Additionally, we also participate in Track 2 of the challenge, i.e. detection of objects on videos. The dataset comprises of 33 sequences (12,968 images). The same model used in Track 1 without any sort of re-training or fine-tuning was utilized for Track 2. On the leader-board, the proposed algorithm was placed 5 and Table 5 compares the performance of the solution with other top performing algorithms. Table 6 illustrates the class-wise performance of the solution for Track1 and Track2 of the Visdrone-2019 dataset.
Typically, one stage detectors such as YOLOv3 and SSD don’t perform particularly well in instances of small object detection - specifically detection in aerial imagery. In this paper, we make use of Centernet for detection of objects from images and videos.
We evaluate various backbone networks such as ResNet-18, DLA-34 and Hourglass-104. From the experiments, we observe that the HourGlass-104 backbone produced the best performance when compared to other networks and a standard YOLOv3.
We observe that test-time augmentation such as horizontal flipping of image and multi-scale testing aid in enhancing the overall performance of the model.

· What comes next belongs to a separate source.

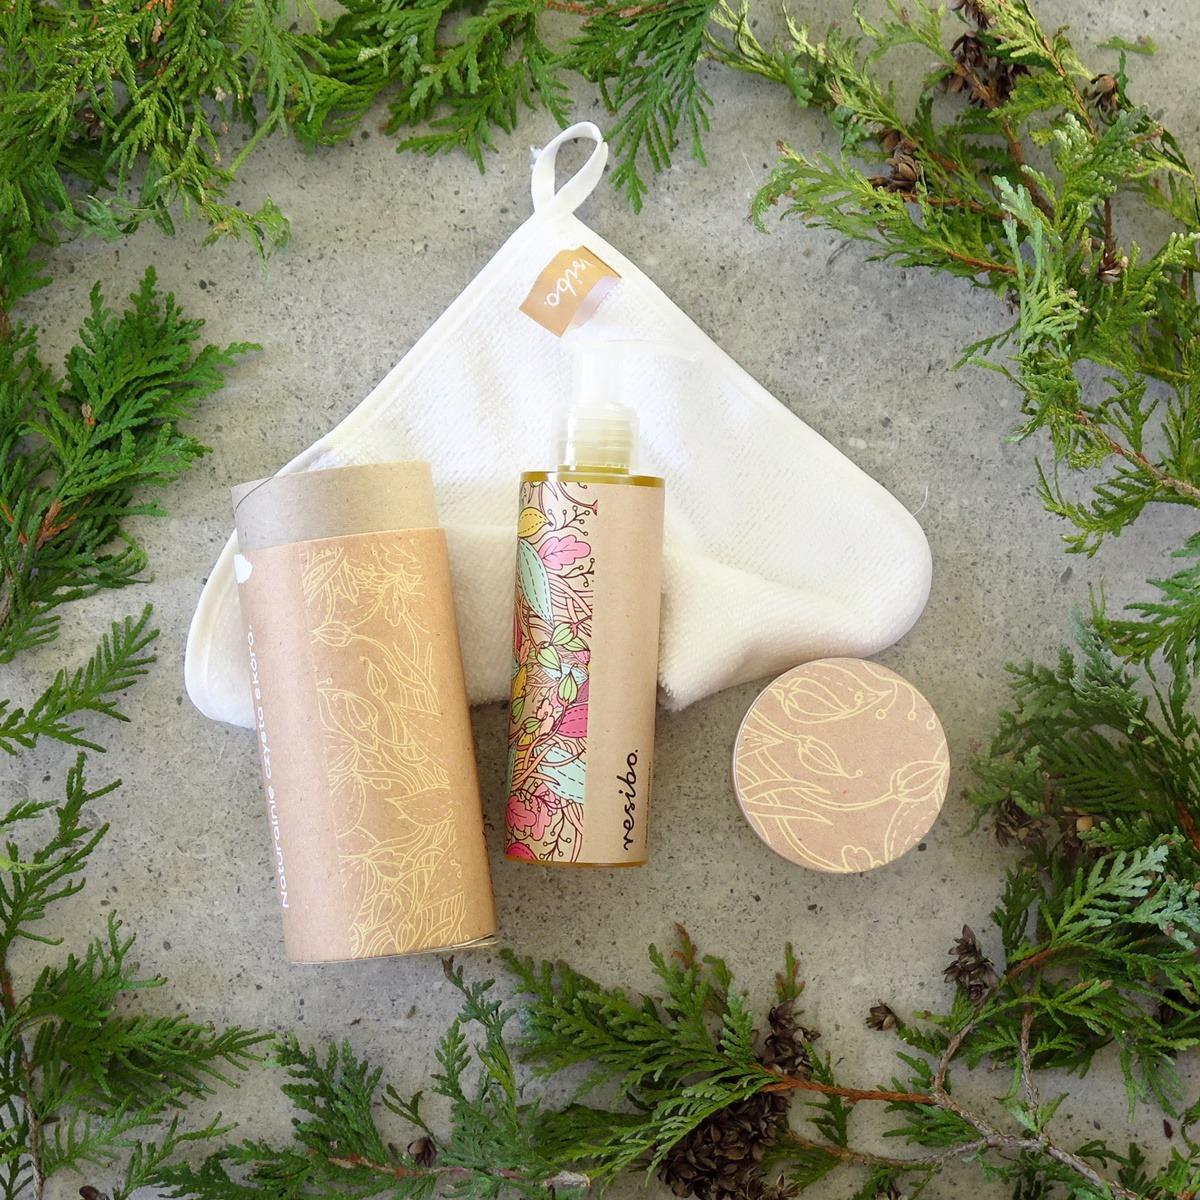 resibo olejek do demakijazu olejowe oczyszczanie twarzy ściereczka z mikrofibry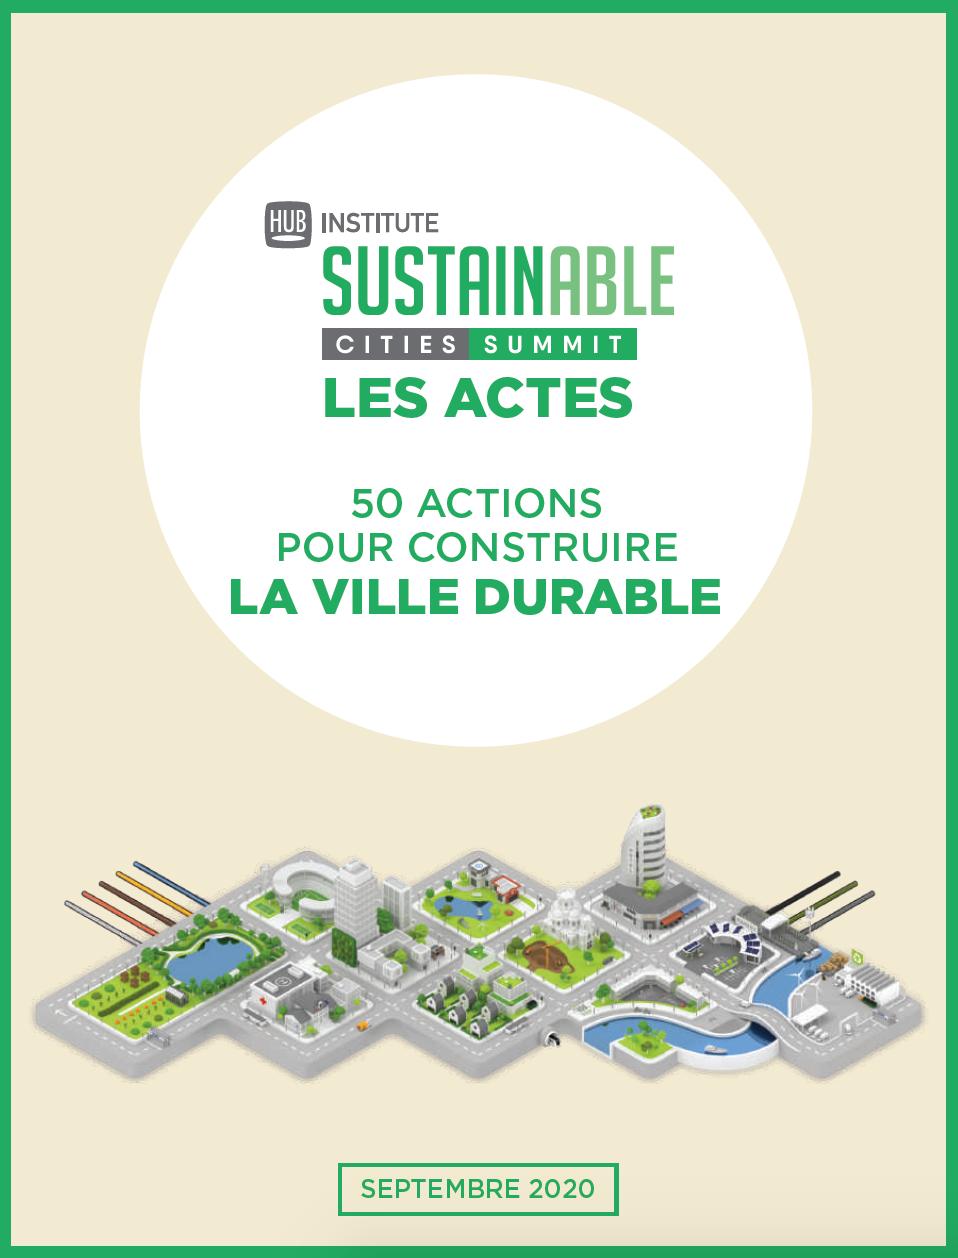 50 ACTIONS POUR CONSTRUIRE LA VILLE DURABLE

On the the challenge data provided by the organizers, the solution attained 7 position for the task of detecting objects from images. When compared to other techniques, the solution was attained best average recall with 500 detection per image. Without any fine-tuning or re-training, the model used for detecting objects from images was used to Track 2 (detection of objects from videos). On the leader-board for object detection from videos, the solution achieved a competitive 5 position.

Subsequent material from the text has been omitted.